Researchers at Rensselaer Polytechnic Institute have shown that four strains of E. coli bacteria working together can convert sugar into the natural red anthocyanin pigment found in strawberries, opening the door to economical natural colors for industrial applications. “The research marks the first biosynthesis method using four strains of bacteria to manufacture a compound in a single step”, said Mattheos Koffas, a professor of chemical and biological engineering at Rensselaer. “We feed the bacteria glucose and they do the rest”, he added.

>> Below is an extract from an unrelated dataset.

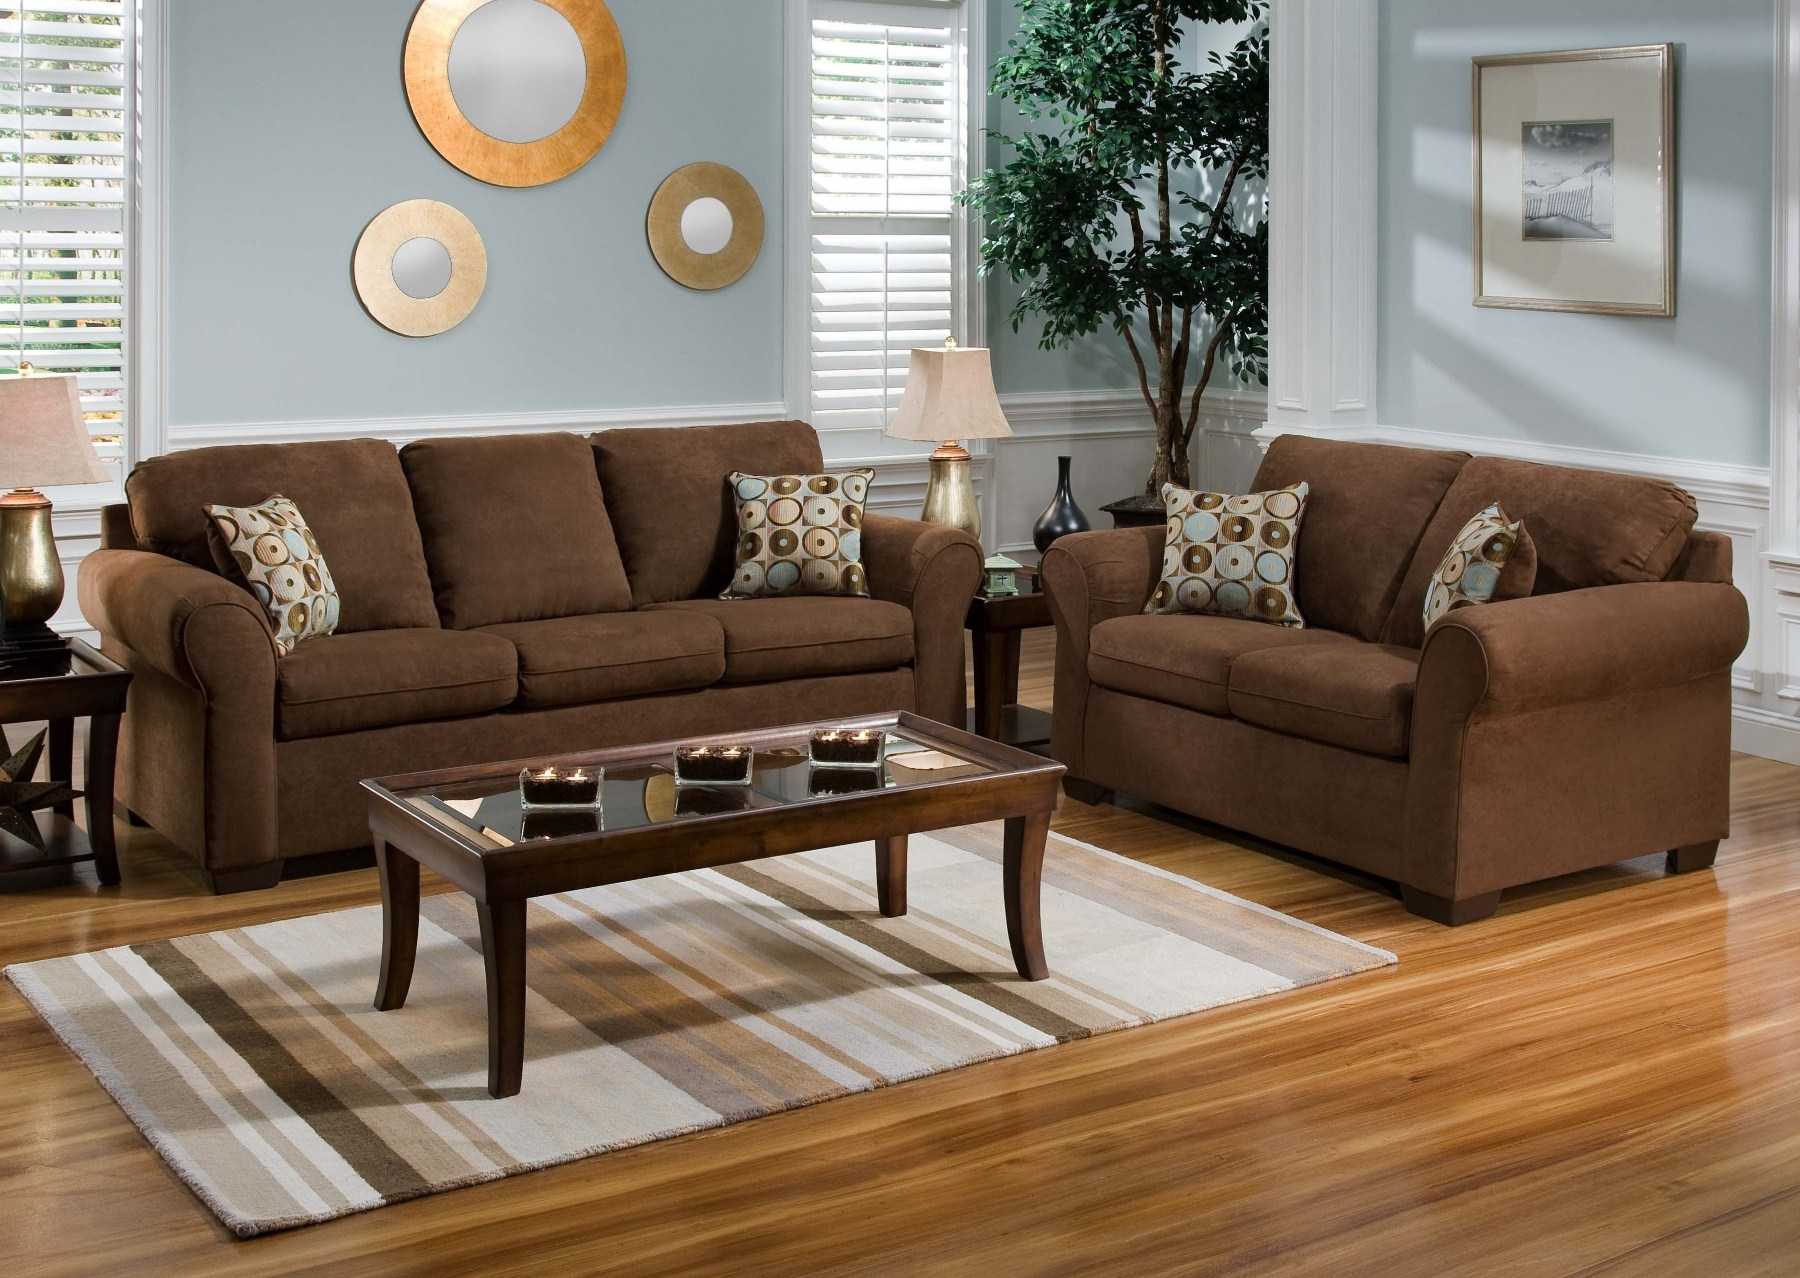 Brown Couch Living Room Ideas

Koffas’ lab has been investigating a production method of anthocyanins involving genetic engineering since 2005. In its current research, the molecular pathway was divided into modules among four different strains of bacteria and modified to assemble anthocyanin in stages. The modules produced intermediates that easily diffuse out of the bacterial cell. When combined in a single flask, the first bacteria ingest sugar and produce "intermediate" compounds, phenylpropanoic acids, which are then ingested by the second bacteria. This produces a second intermediate and this continues until the fourth strain produces anthocyanin.

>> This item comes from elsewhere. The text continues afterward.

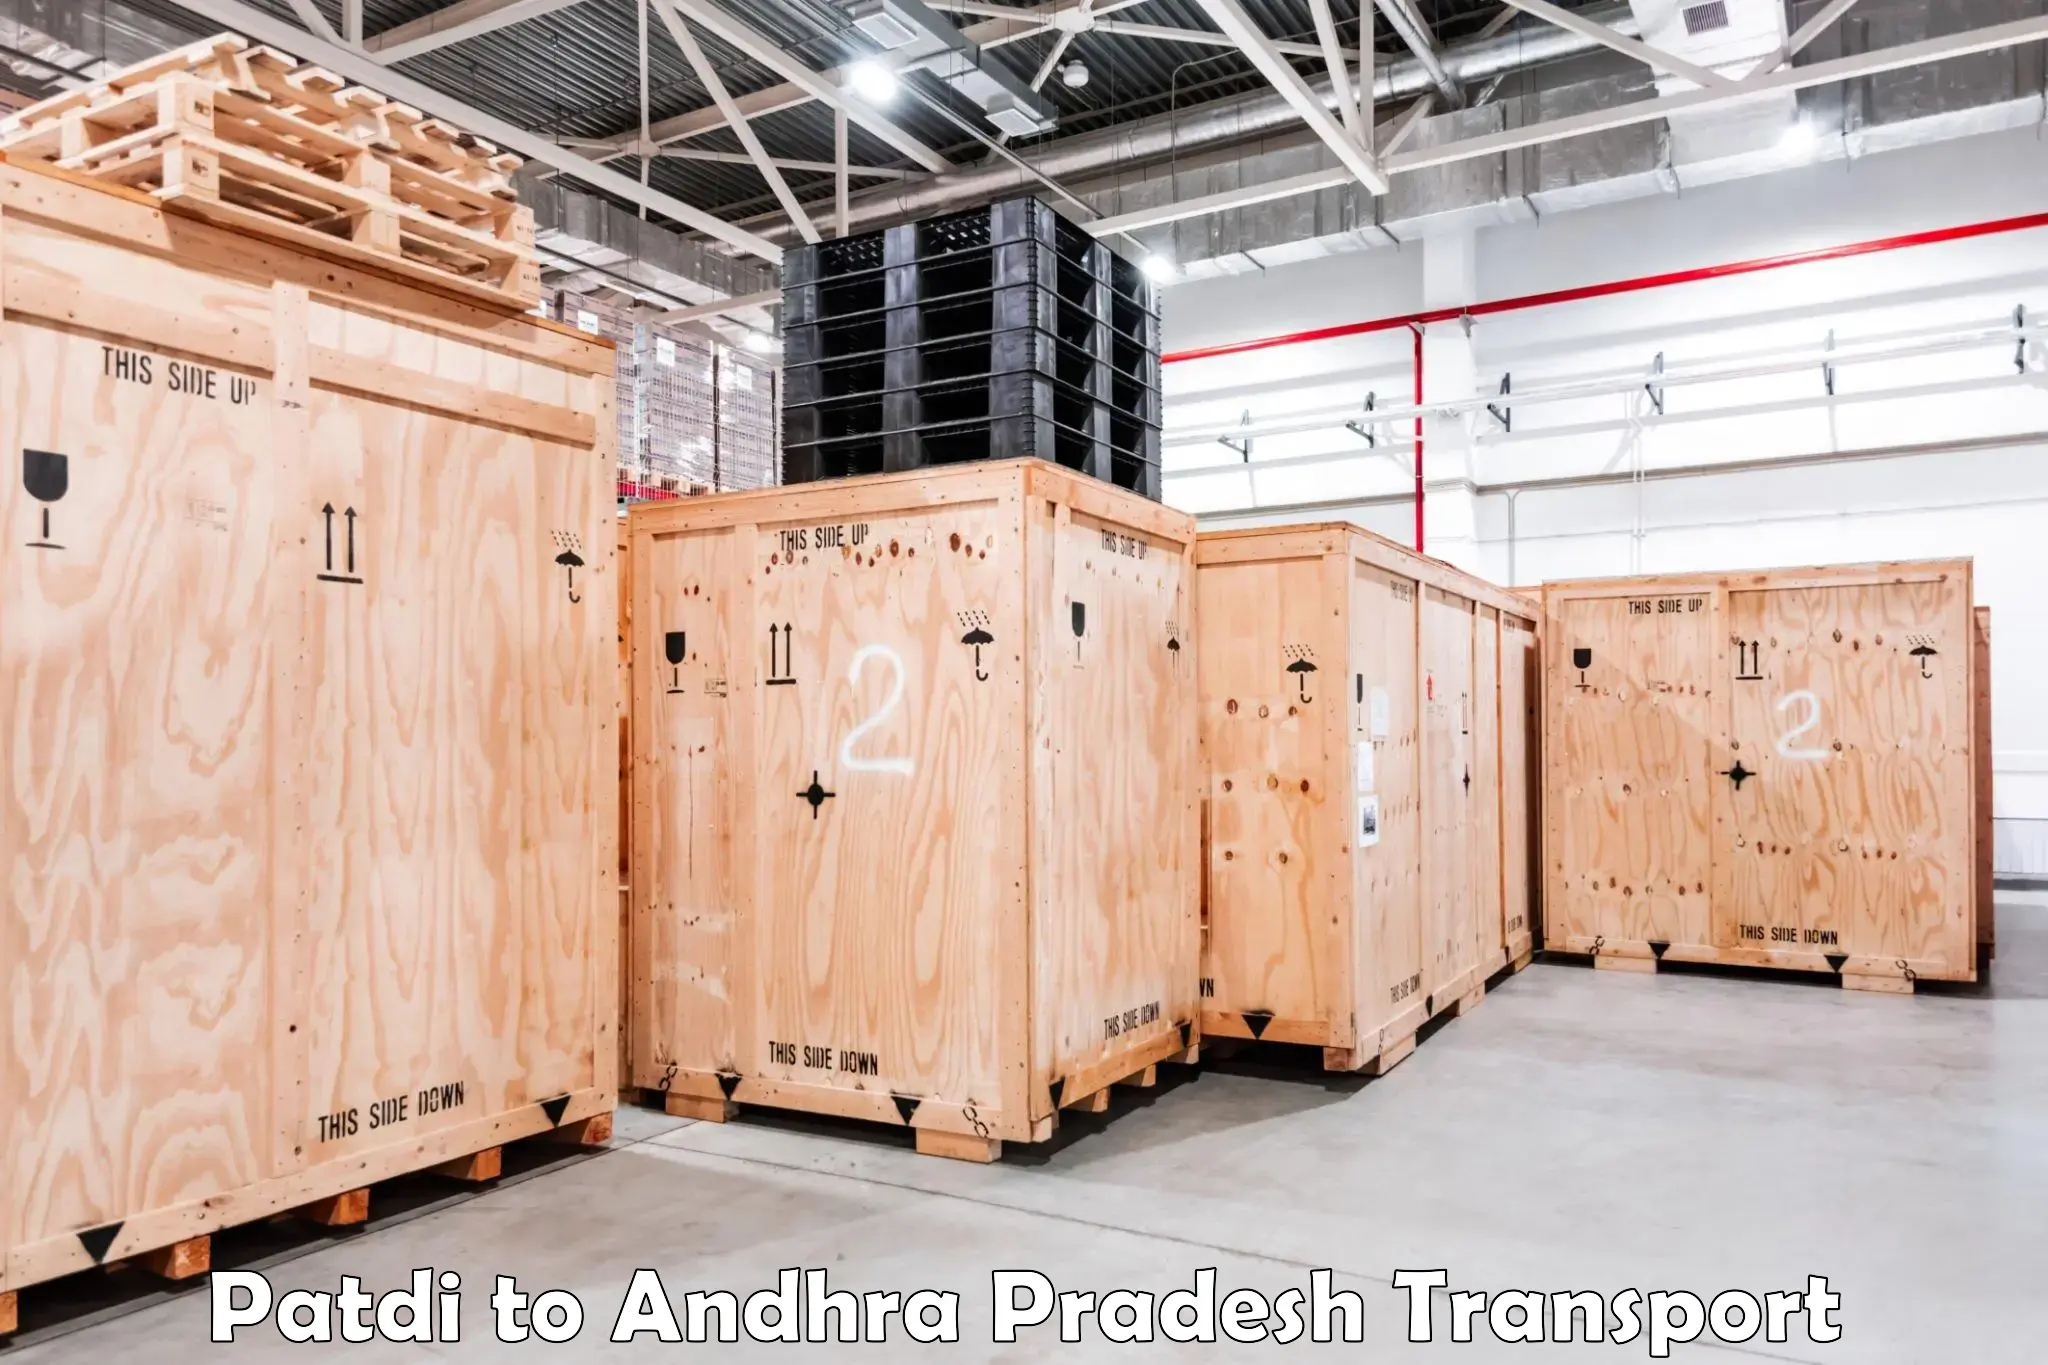 Air freight transport services Patdi to Rajahmundry

In the next stage, researchers optimized each stage of the process. Each of the four strains was chosen based on its ability to produce its assigned intermediate. Some segments produced more than others, and the final output produced few milligrams per liter of anthocyanin. "I have no doubt that production of anthocyanins from a recombinant microbial host is the only viable method for making these compounds in an economically sustainable manner," said Koffas.